Kedua, perubahan sikap rezim kekuasaan terhadap Islam telah mendukung perkembangan pemikiran Islam era 1990-an. Corak pemikiran Islam pada era ini sejatinya mempunyai kecenderungan menjembatani ketegangan konseptual antara gagasan-gagasan keislaman dengan ide-ide politik dan kenegaraan 1980-an di bawah rezim Orde Baru. Kondisi tidak produktif inilah yang membuat para aktor pemikir islam era 1990-an mencoba menawarkan “jalan tengah” agar trauma politik dan pengalaman pahit di bawah rezim Orde Baru tidak terulang. “Jalan tengah” yang disodorkan adalah menawarkan pemikiran-pemikiran  aktual yang lebih substansif yang diharapkan bisa mendukung perkembangan serta kemajuan umat Islam.
Ketiga, pada tahun 1990-an telah muncul generasi baru pemikiran Islam Indonesia, dengan nuansa yang lebih terbuka dan memunculkan apa yang disebut mazhab baru pemikiran Islam Indonesia, yakni mazhab liberal Islam. Era 1990-an juga bisa disebut sebagai “bulan madu” islam dengan negara, sebab pada tahun ini negara benar-benar menengok Islam sebagai sesuatu yang amat penting.

B.       Islam dan Terorisme
a.    Pengertian Terorisme
Terorisme mempunyai beberapa pengertian. Dalam bahasa barat terdapat beberapa definisi, seperti:
1)    Pemakaian kekerasan secara sistematis untuk mencapai tujuan politik (merebut, mempertahankan atau menerapkan kekuasaan).
2)    Keseluruhan tindakan kekerasan, penyerangan, penyenderaan warga sipil yang dilakukan sebagai organisasi politik untuk menimbulkan kesan kuat atas suatu negara, negaranya sendiri maupun negara lain.
3)    Sikap menakut-nakuti.
4)    Penggunaan kekerasan dan intimidasi, terutama untuk tujuan-tujuan politik.

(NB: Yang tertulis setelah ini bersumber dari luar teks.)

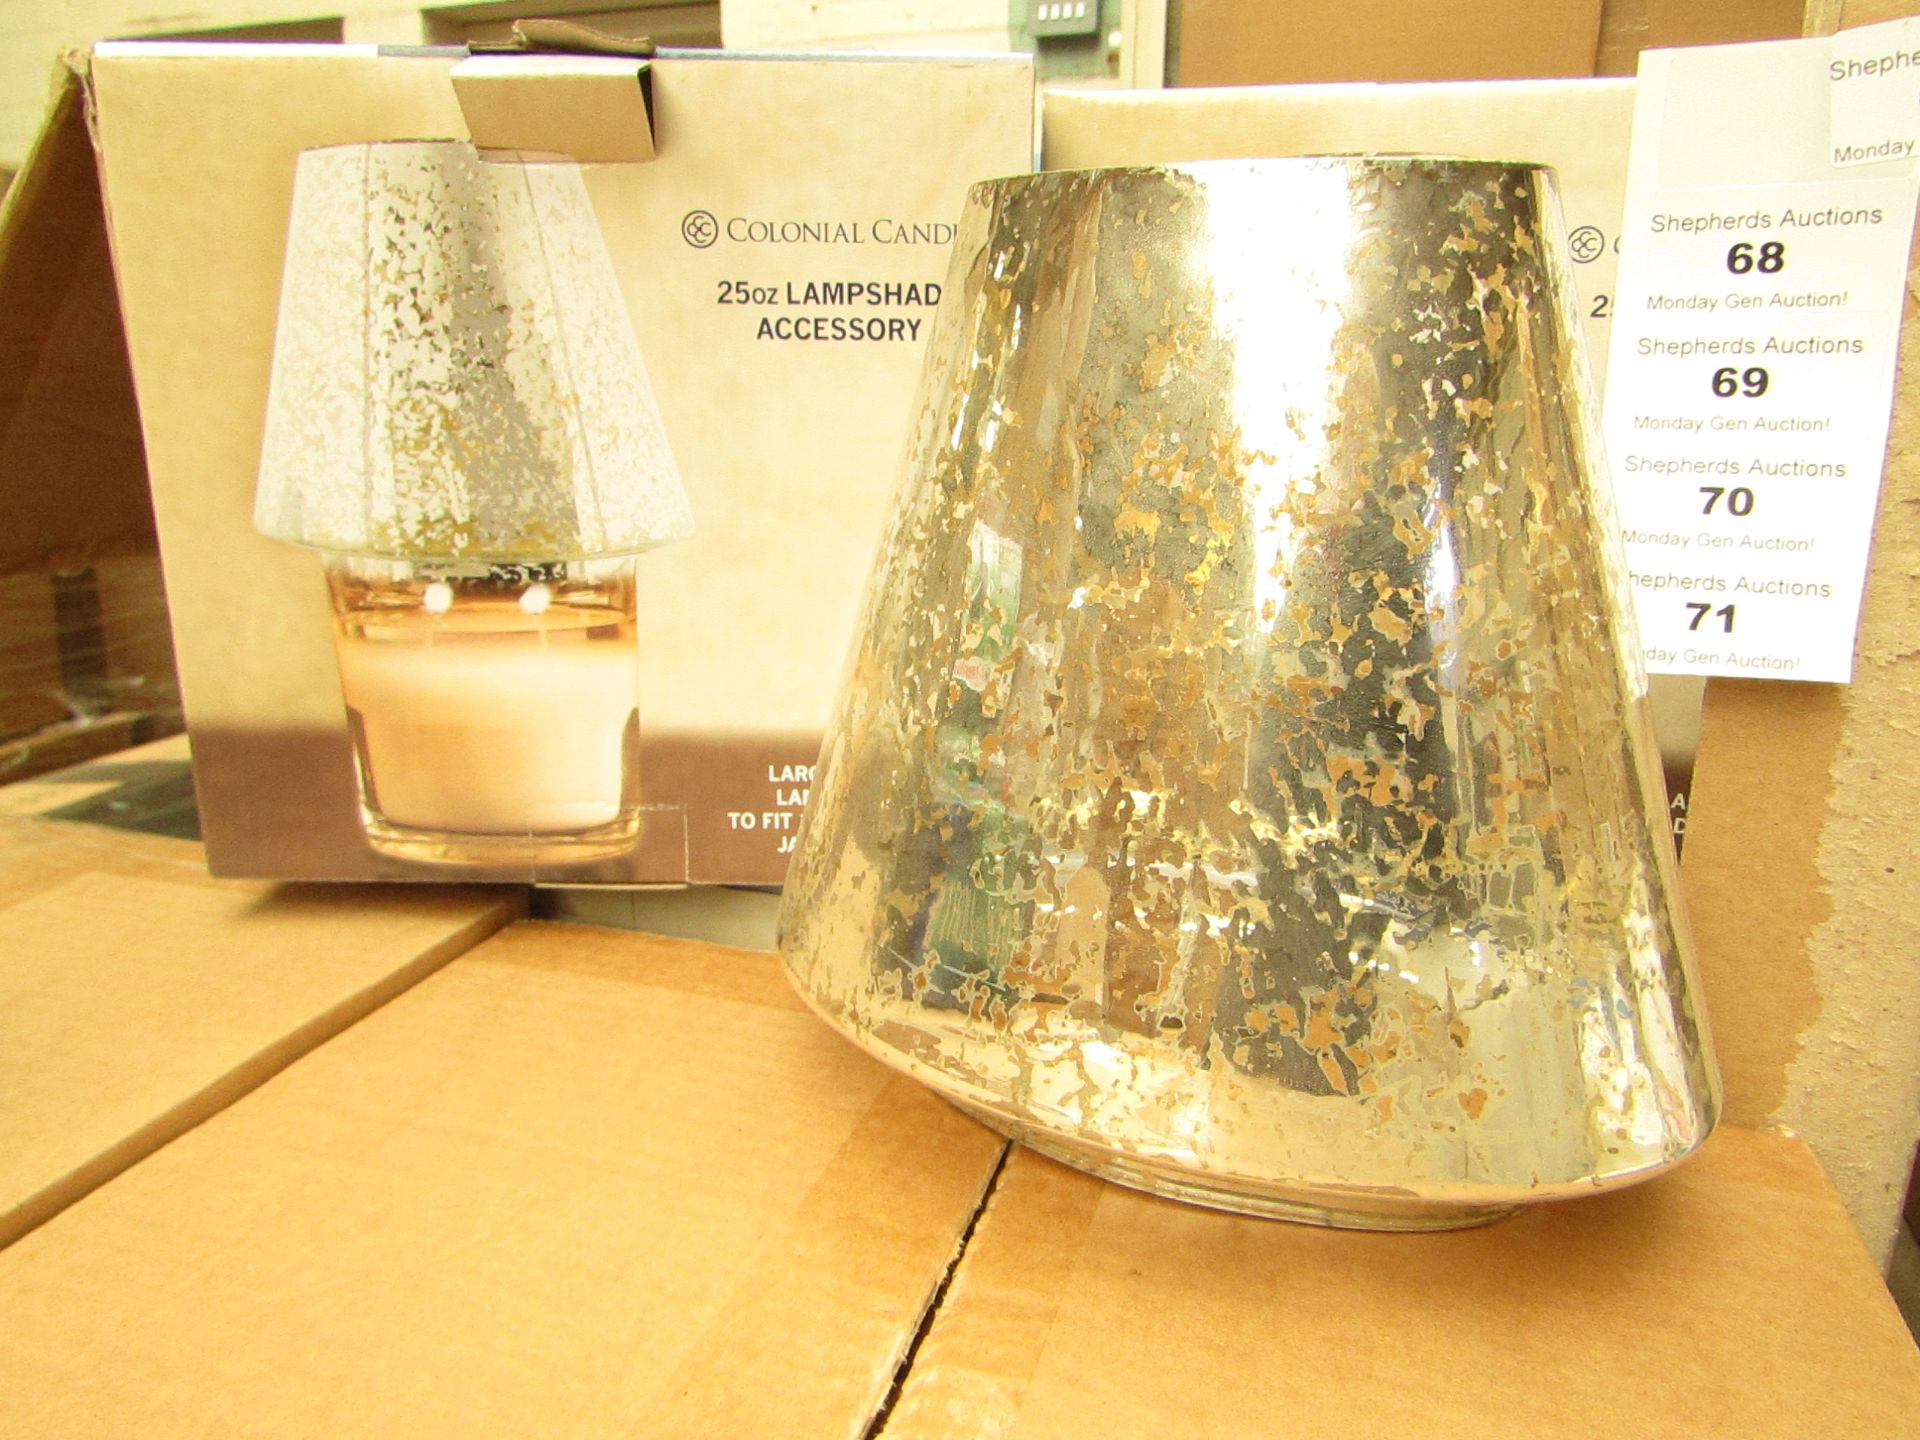 2x Colonial 25oz lampshade accessory, both new and boxed,

5)    Kekerasan yang sangat jelas ditujukan pada warga sipil yang dipilih secara acak dalam usaha menimbulkan rasa takut yang menyebar kemana-mana dan karenaya memengaruhi kebijakan-kebijakan pemerintah.
Dalam Kamus Besar Bahasa Indonesia, teror diartikan dengan:
1.        Perbuatan (pemerintah dan sebagainya) yang sewenang-wenang (kejam, bengis, dan sebagainya.).
2.        Usaha menciptakan ketakutan, kengerian dan kekejaman oleh seseorang atau golongan. Terorisme berarti penggunaan kekerasan untuk menimbulkan ketakutan dalam usaha mencapai suatu tujuan (terutama tujuan politik), praktik-praktik tindakan teror.
Dari berbagai definisi di atas dapat disimpulkan bahwa dalam terorisme terdapat unsur-unsur: (1) tindakan yang disengaja untuk menimbulkan ketakutan, (2) tujuan atau kepentingan yang akan dicapai oleh pembuat ketakutan dengan tindakan itu, (3) korban tindakan itu tidak selalu berkaitan langsung dengan tujuan yang hendak dicapai. Dengan demikian, tindakan atau penampilan tertentu yang tanpa disengaja menyebabkan orang lain ketakutan tidak dapat dimasukkan dalam kategori ketakutan. Demikian pula hukum atau ketentuan yang membuat orang takut untuk melakukan pelanggaran, tidak termasuk ke dalam kategori terorisme.[2]
Terorisme sebagai sebuah paham memang berbeda dengan kebanyakan paham yang tumbuh dan terorisme sering dikaitkan dengan agama islam. Dalam ajaran islam, orang-orang sering salah mengartikan jihad. Jihad sering diartikan sebagai tindak kekerasan dan tindak teror terhadap pihak-pihak tertentu atau berjuang di jalan Tuhan dengan jalan yang salah. Padahal pengertian jihad itu sendiri adalah usaha dengan segala daya upaya untuk mencapai kebaikan di jalan Allah. Jelaslah bahwa tujuan yang ingin dicapai ketika berjihad adalah kebaikan. Negara islam sering “tercap” sebagai pelopor teror, padahal tindakan teror juga terjadi di negara-negara non-muslim.
b.  Terorisme dalam Fiqh
Pembahasan mengenai terorisme tidak terdapat secara sendiri dalam kitab-kitab fiqh lama. Biasanya pembahasan mengenai terorisme terdapat dalam pasal atau bab tentang pembegal (قاطع الطريق) dan selalu berkenaan dengan hukuman atas pelakunya.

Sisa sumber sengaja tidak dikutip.